◆ **Assignment**
The following data needs to be repeated exactly, with all images excluded.

◆ **Information provided**
'''
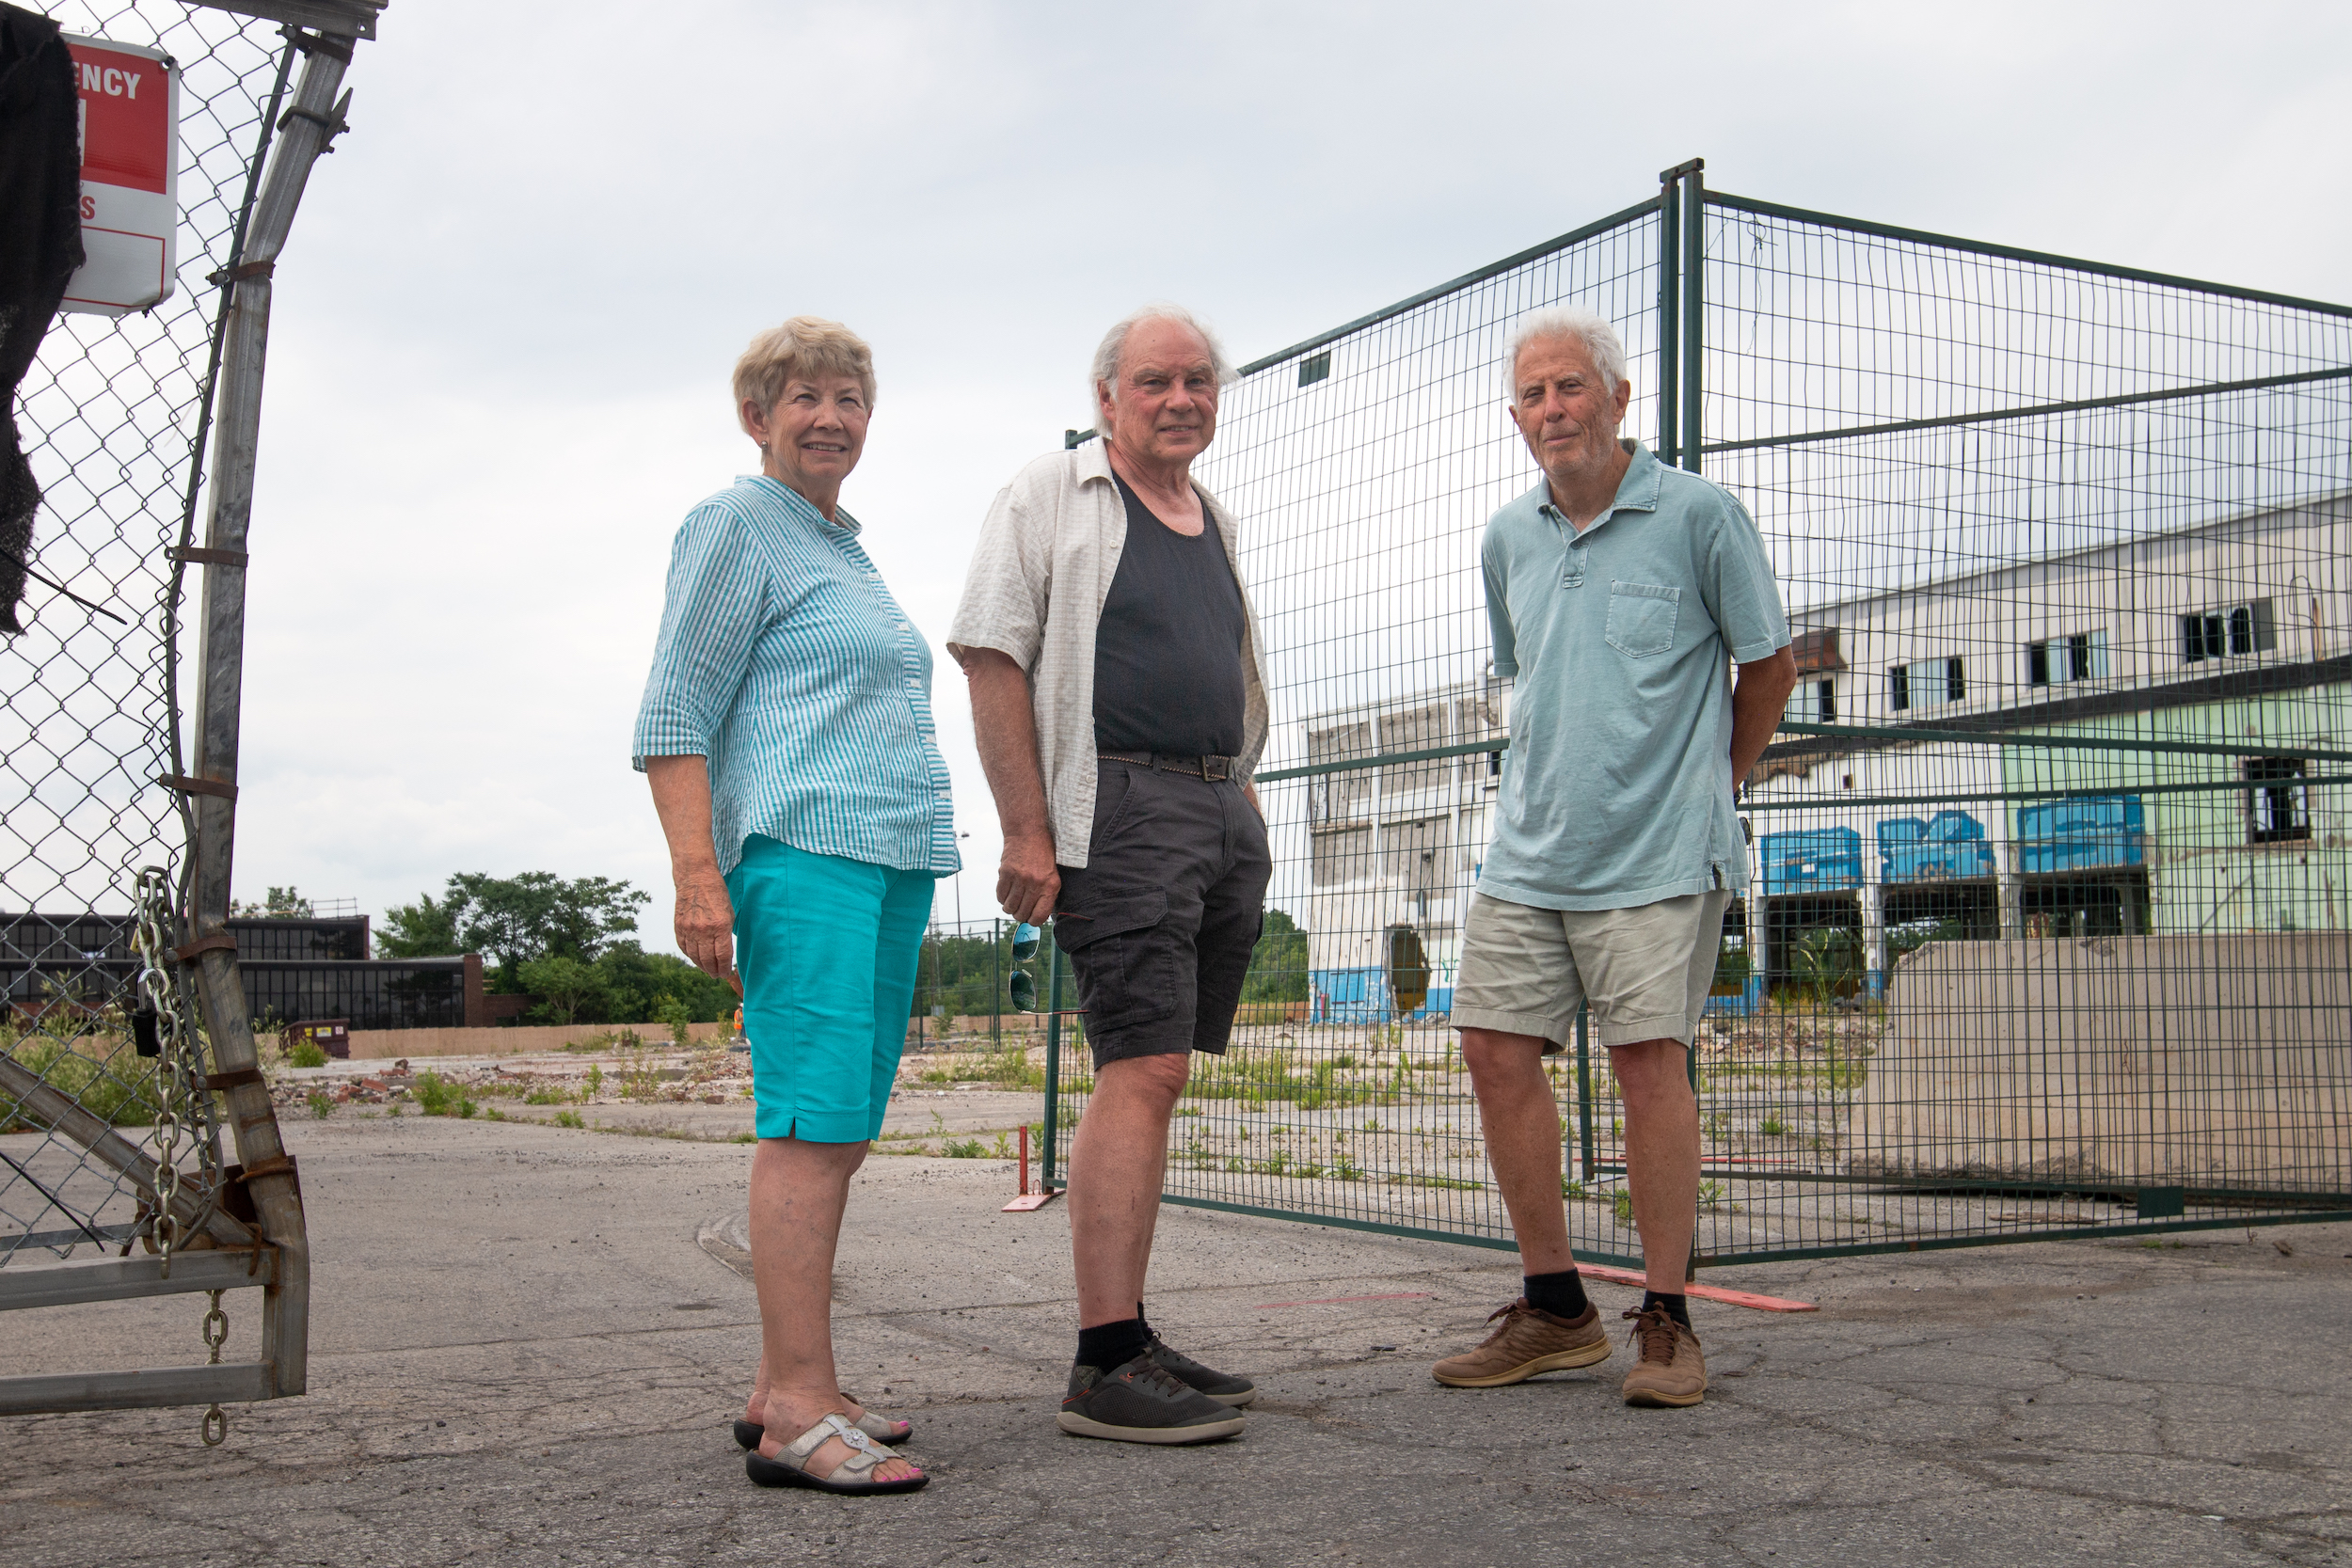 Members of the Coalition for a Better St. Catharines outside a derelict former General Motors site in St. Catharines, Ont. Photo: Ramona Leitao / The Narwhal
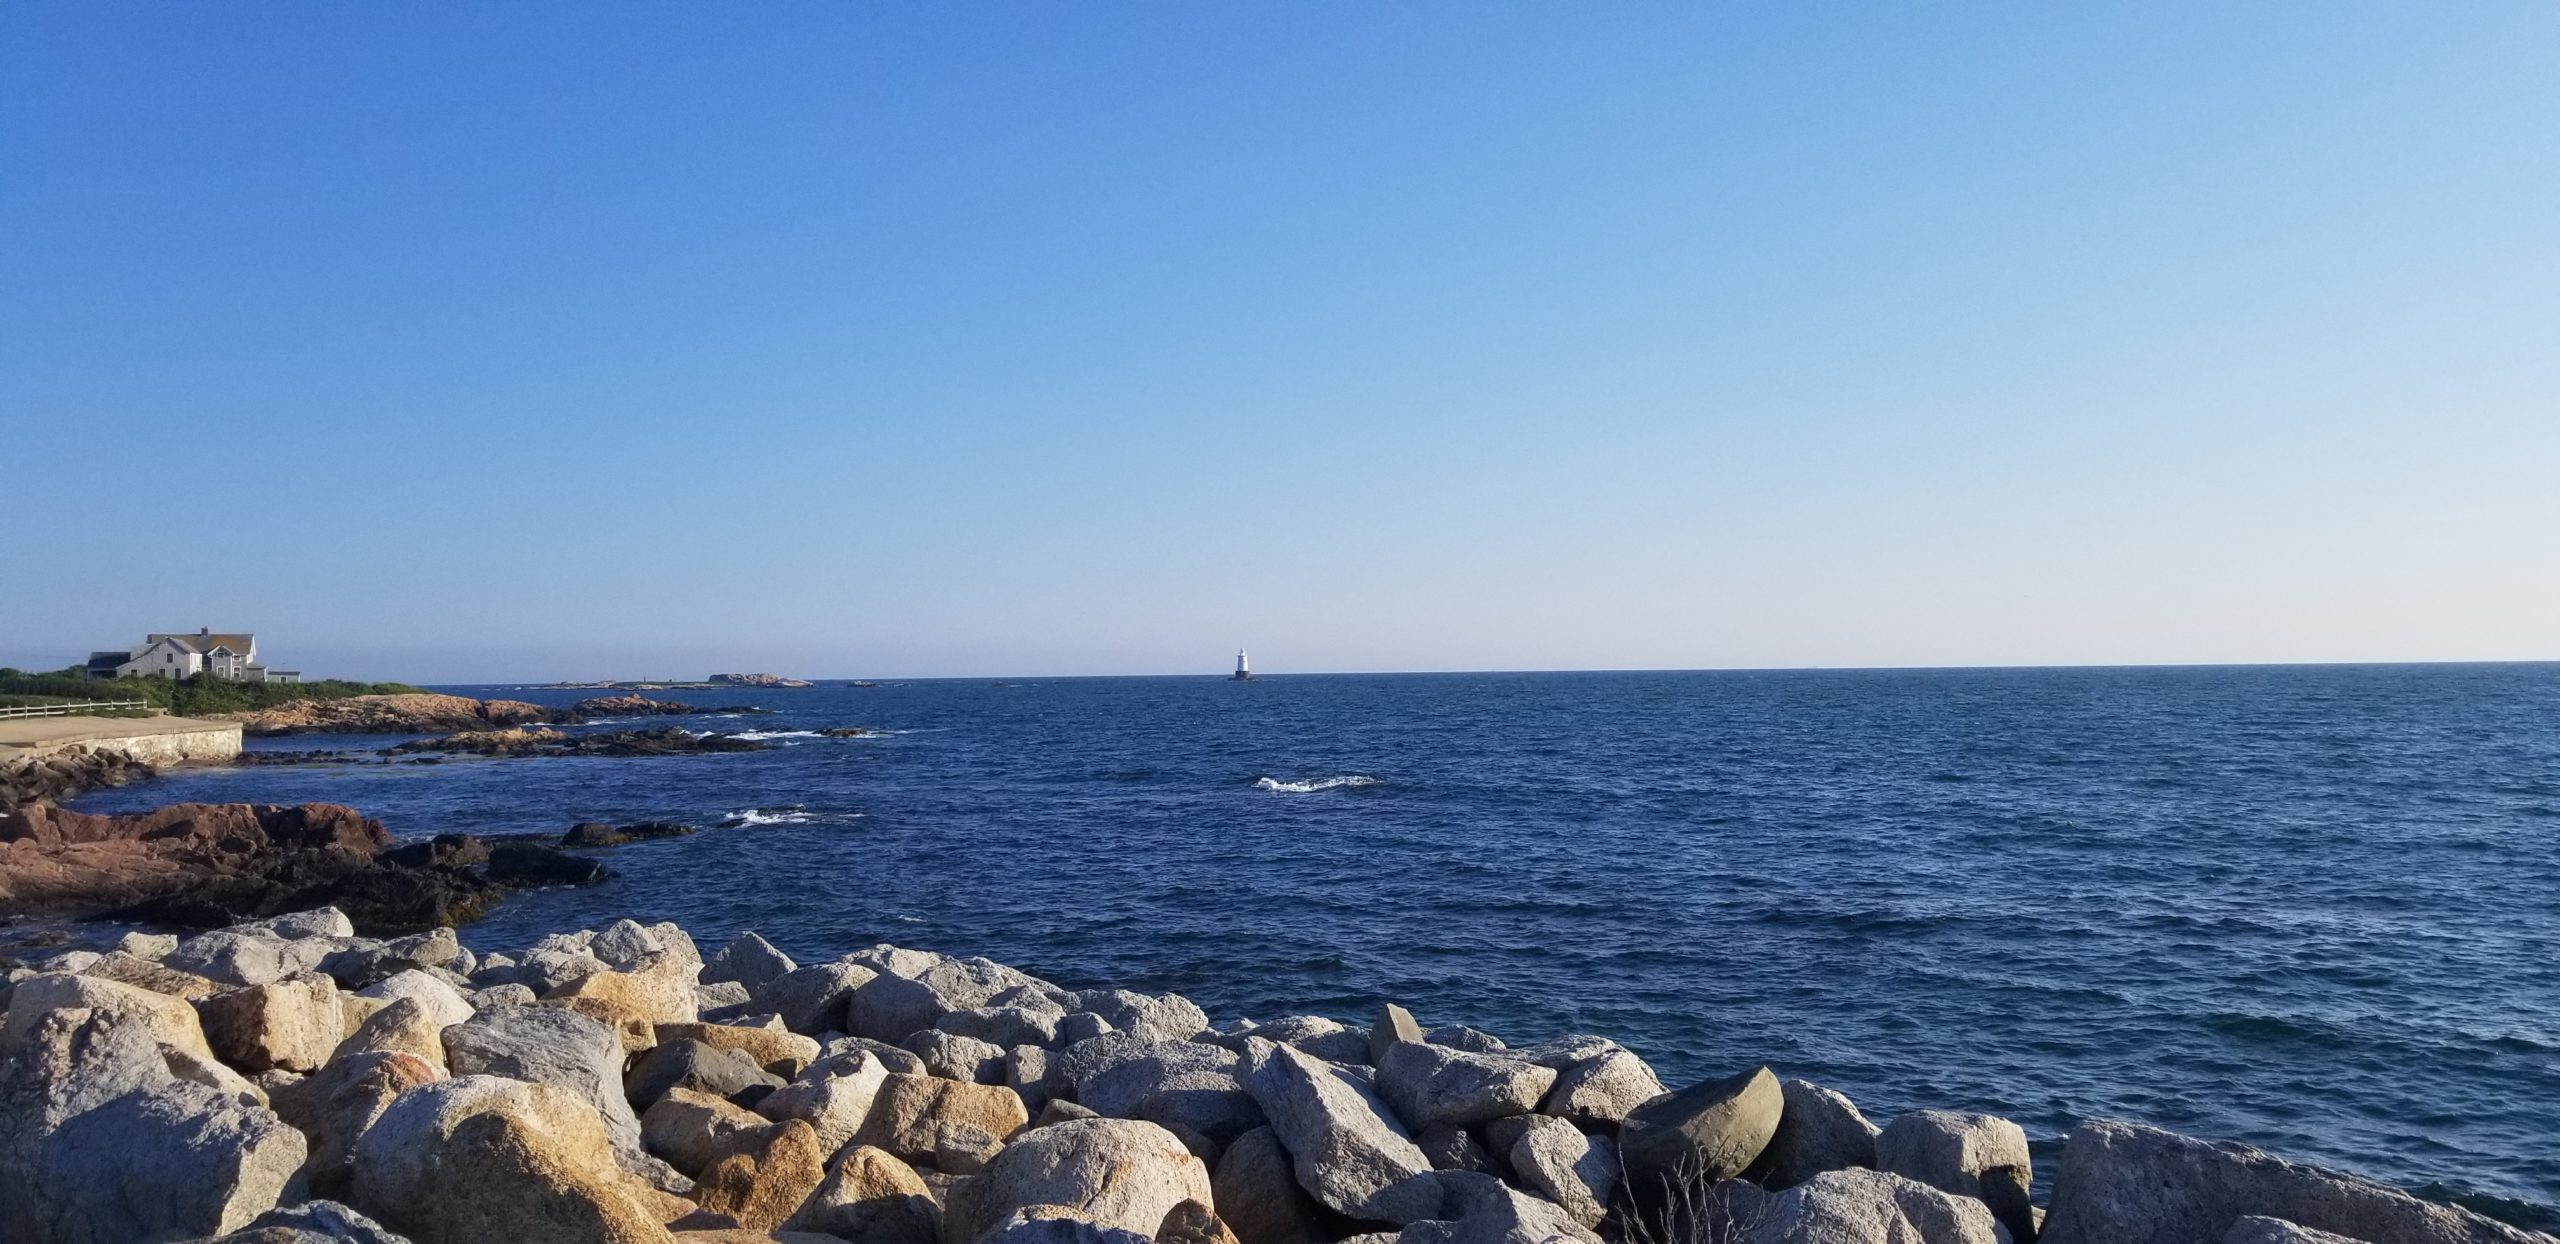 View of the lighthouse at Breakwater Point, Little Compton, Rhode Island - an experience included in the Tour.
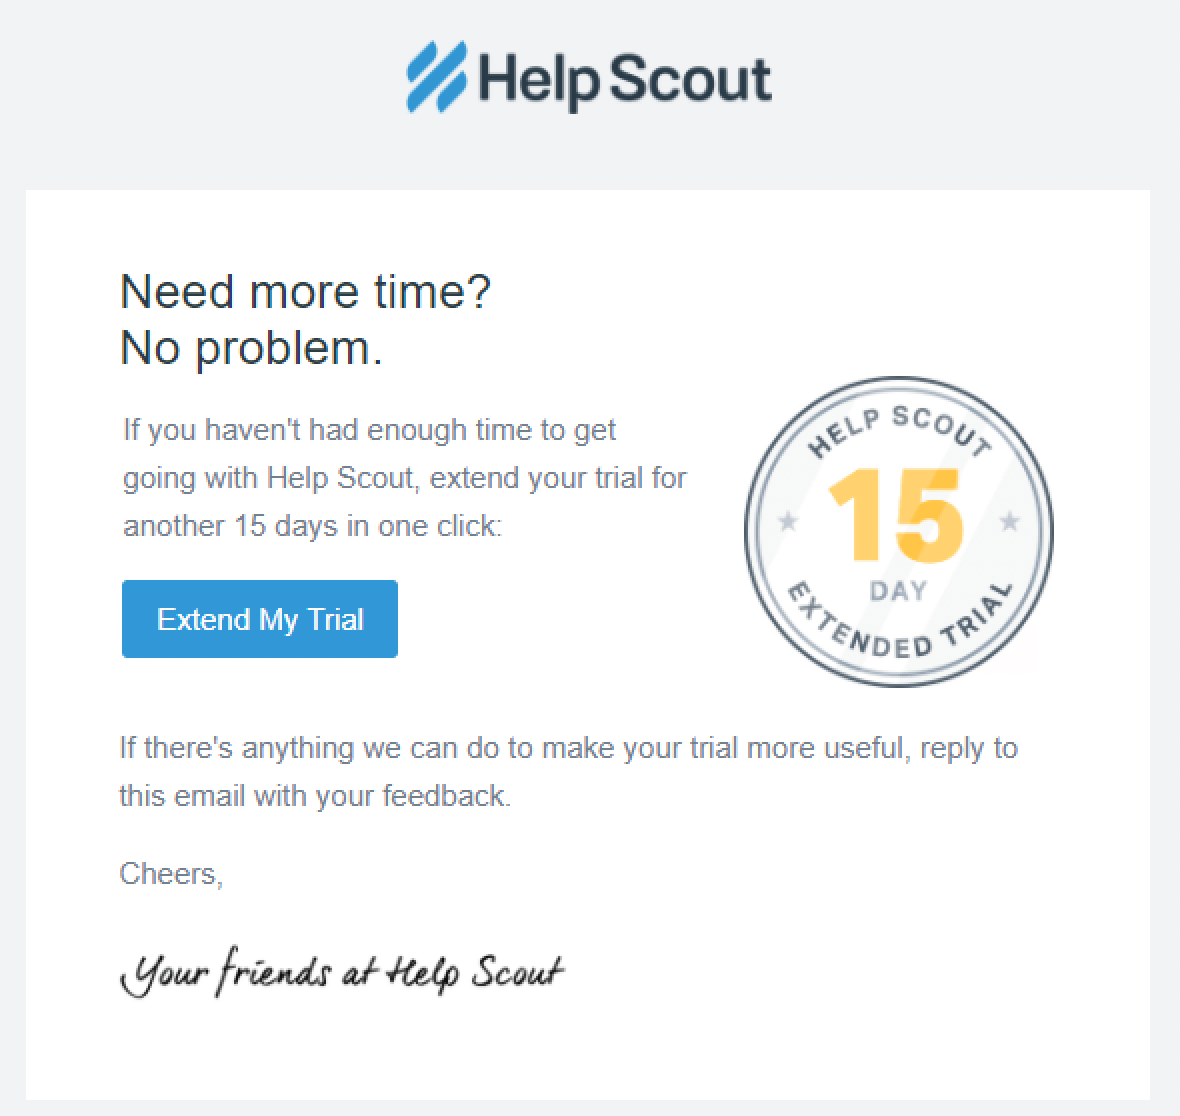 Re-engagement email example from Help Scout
'''
◆ **Answer to the exercise**
 Members of the Coalition for a Better St. Catharines outside a derelict former General Motors site in St. Catharines, Ont. Photo: Ramona Leitao / The Narwhal
 View of the lighthouse at Breakwater Point, Little Compton, Rhode Island - an experience included in the Tour.
 Re-engagement email example from Help Scout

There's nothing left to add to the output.